The downstream mechanism through which LAMC1 influences tumor aggressiveness is largely unknown. Here, we reported that knockdown of LAMC1 in endometrial cancer cells caused significant expression changes in LZTFL1, TAPT1, SEL1L, PAQR6, NME7, TMEM109, CCDC58, and ANKRD40 at the transcription levels. LZTFL1 is a tumor suppressor gene identified through the analysis of the hotspot of tumor suppressor genes at chromosome 3p21.3, and the lack of its expression is correlated with poorly differentiated histological types, metastasis, and poor prognosis in patients with gastric cancer [21]. In vitro studies have revealed that overexpression of LZTFL1 causes suppression of epithelial-mesenchymal transition, cell migration and invasion in cancer cells. Although the majority of its functions remain unclear, the interaction of LZTFL1 and beta-catenin nuclear translocation has been reported recently [22]. SEL1L is the human homolog of the Caenorhabditis elegans sel-1 gene, which acts as a tumor suppressor in breast cancer and pancreatic ductal adenocarcinoma. Overexpression of SEL1L inhibits tumorigenicity in vitro and in vivo through the modulation of the Notch receptor genes, Smad4, activin A and PTEN [23-26]. NME7 is a member of the NME/NDK family, which mainly acts as nucleoside-diphosphate kinases and protein histidine kinases. NME7 is widely known for its microtubule-organizing functions and role in ciliary cargo transport [27], and its participation in cancer biology has been overlooked. Its role in the chemosensitivity of myeloma was reported only recently [28]. The interaction between LAMC1 and these genes, and the specific molecules involved in the exhibition of tumor aggressiveness in LAMC1-overexpressing tumors, is to be further investigated.
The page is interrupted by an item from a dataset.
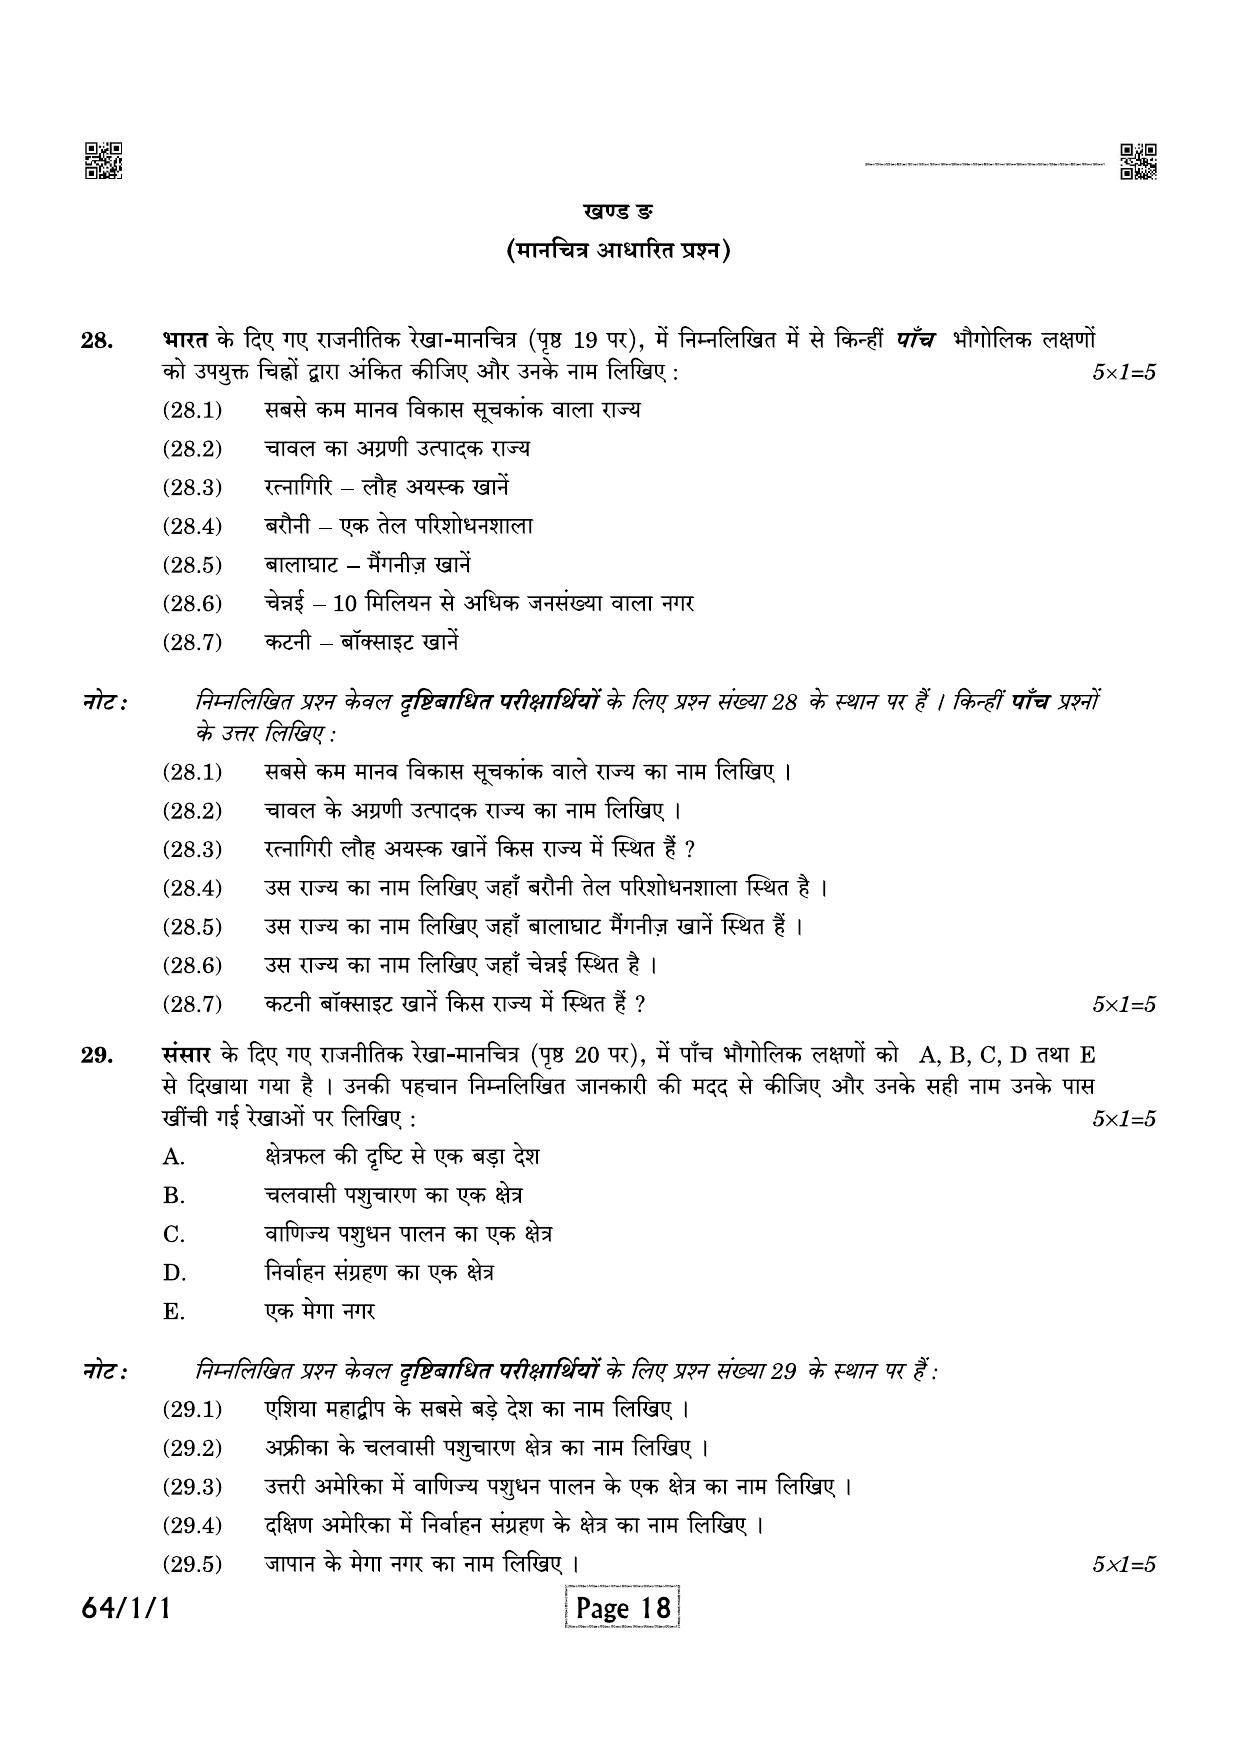 CBSE Class 12 QP_029_Geography 2021 Compartment Question Paper - Page 18

In summary, our data indicate that overexpression of LAMC1 is strongly associated with histological type, LVSI, LN metastasis, advanced FIGO stage, and poor overall survival in endometrial cancer. These results suggest that LAMC1 is a potent biomarker for identifying patients needing aggressive adjuvant therapy. Gene expression microarray analysis elucidated 8 candidate genes (LZTFL1, TAPT1, SEL1L, PAQR6, NME7, TMEM109, CCDC58, and ANKRD40) that may be involved in cancer progression in the downstream of LAMC1 expression. Further elucidation of the underlying mechanism should lead to the discovery of new therapeutic targets.